Keymate authenticates users through configurable flow chains — ordered sequences of authentication steps that the platform executes during login. Each flow defines which steps run, in what order, and under what conditions. Flows support browser-based interactive login, direct credential exchange for programmatic access, and post-authentication steps such as organizational context selection. Administrators compose flows from reusable authenticator modules, enabling each realm to tailor its authentication experience without code changes.

Why It Exists

Enterprise environments require different authentication experiences for different contexts. A government agency portal requires credential validation followed by department selection. An internal service uses direct credential exchange without user interaction. A high-security workflow demands additional verification before granting access. Configurable flows address this variety by separating the authentication logic into composable steps that administrators assemble into the right sequence for each scenario.

Where It Fits in Keymate

Authentication flows execute at the entry point of the identity lifecycle.
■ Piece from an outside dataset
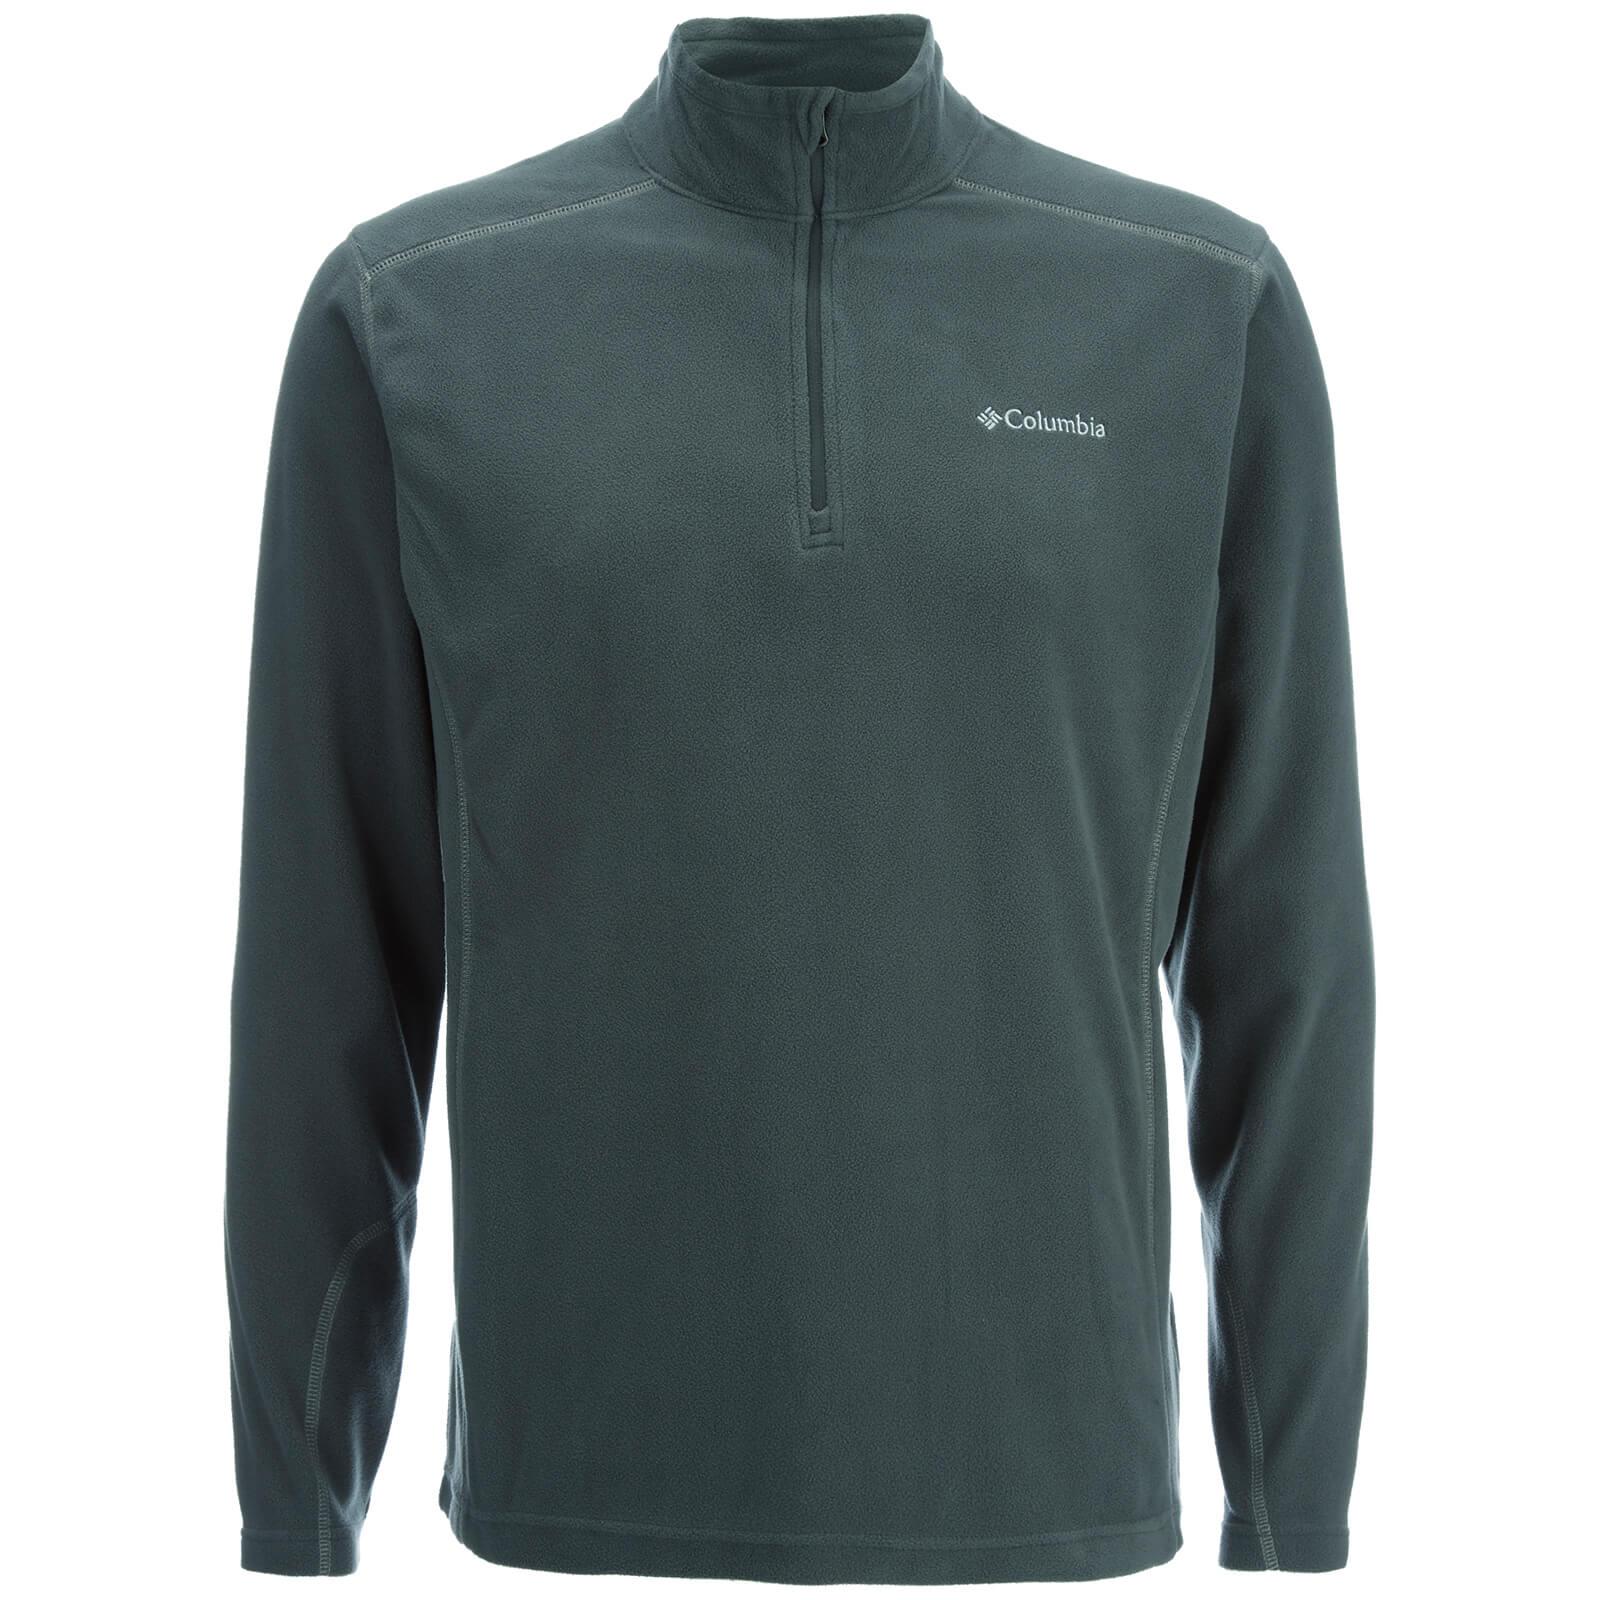 Columbia Men's Klamath Range 2 Half Zip Fleece - Grill - XL - Grey
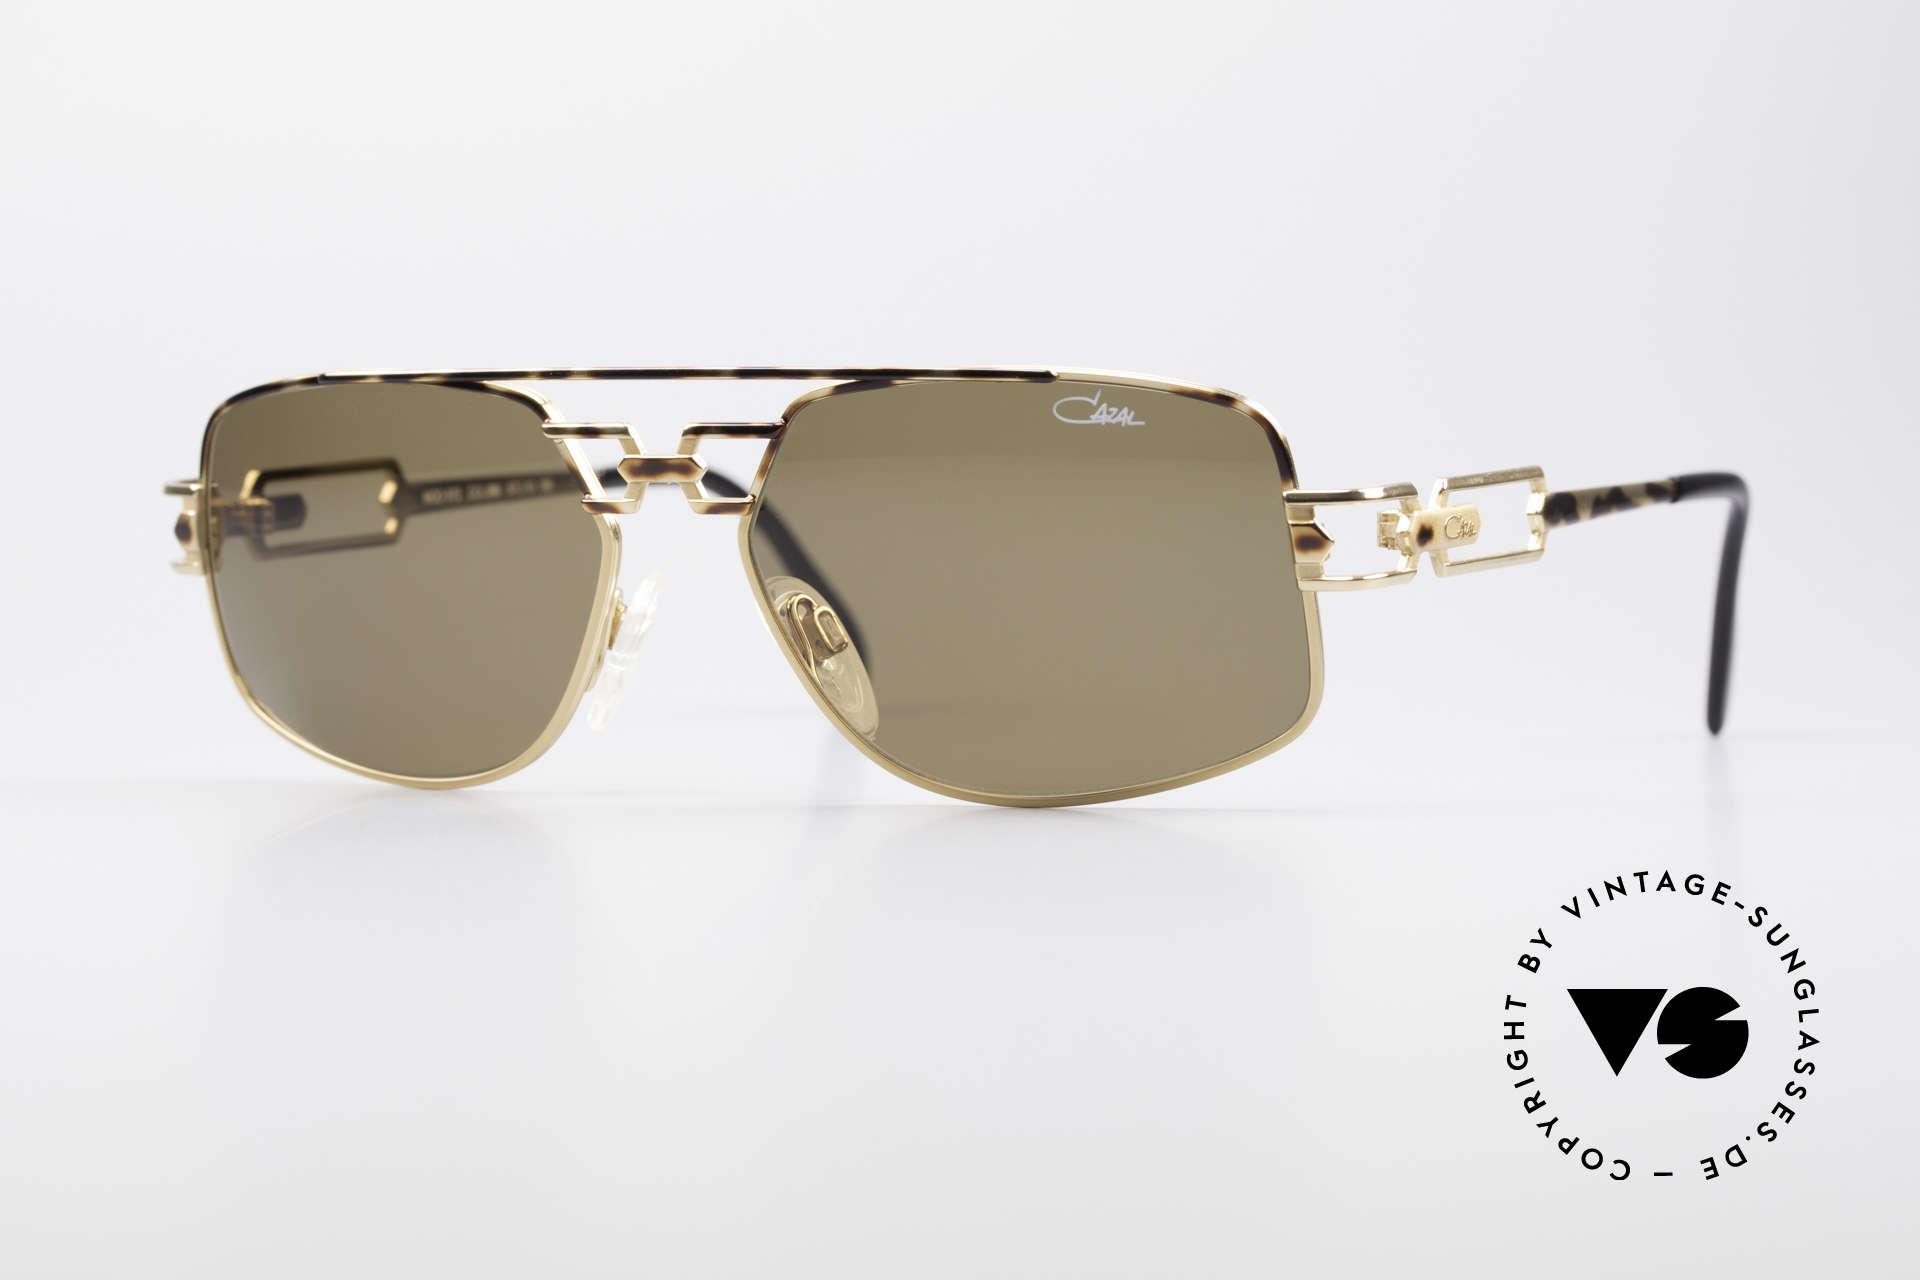 Cazal 972 Rare Designer Sunglasses 90's, original 1990's CAZAL designer sunglasses; true vintage!, Made for Men and Women

The identity model defines the user representation that flows establish. Successful flow completion produces a session and an access token carrying the authenticated identity. MFA and step-up policies determine which additional steps a flow includes. Federation introduces external identity verification as a flow step.

Boundaries

This page covers the flow chain model, step composition, and how flows produce authenticated sessions. It does not cover:

How It Works

Flow Chain Model

An authentication flow consists of an ordered chain of authenticator steps. The platform executes each step in sequence. Each step either succeeds (allowing the chain to continue), fails (terminating authentication), or requires user interaction (pausing until the user responds). Steps declare their execution requirement — required, conditional, alternative, or disabled — which determines how the platform handles step outcomes.

Browser Flow

The browser flow handles interactive login through a web interface. A typical browser flow includes:

  1. Credential collection — the platform presents a login form and validates the submitted credentials against the identity store or an external credential system
  2. Multi-factor verification — if configured, the platform requests an additional authentication factor (one-time password, CAPTCHA, or another verification method)
  3. Organizational context selection — for users with multiple department assignments, the platform presents a selection step where the user chooses their active organizational context
  4. Session creation — the platform creates an authenticated session and issues tokens

Each step in the chain is a pluggable authenticator module. Administrators compose different combinations to create the required login experience.

Direct Grant Flow

The direct grant flow handles non-interactive authentication for programmatic clients. The client submits credentials directly (typically through the token endpoint), and the platform validates them without user interaction. This flow skips interactive steps like form rendering and context selection, making it suitable for service-to-service communication and automated processes.

Post-Authentication Steps

After primary credential validation, flows can include post-authentication steps that enrich the session before token issuance:

  • Department selection — when a user holds assignments in multiple departments, the flow presents a selection interface. The selected department becomes the active organizational context, and the platform creates an Organization ticket binding the session to that assignment.
  • Attribute synchronization — the platform can synchronize user attributes from external sources during authentication, updating the local identity store with current values.
  • Session note population — custom authenticator steps can attach additional metadata to the session, which protocol mappers later project into token claims.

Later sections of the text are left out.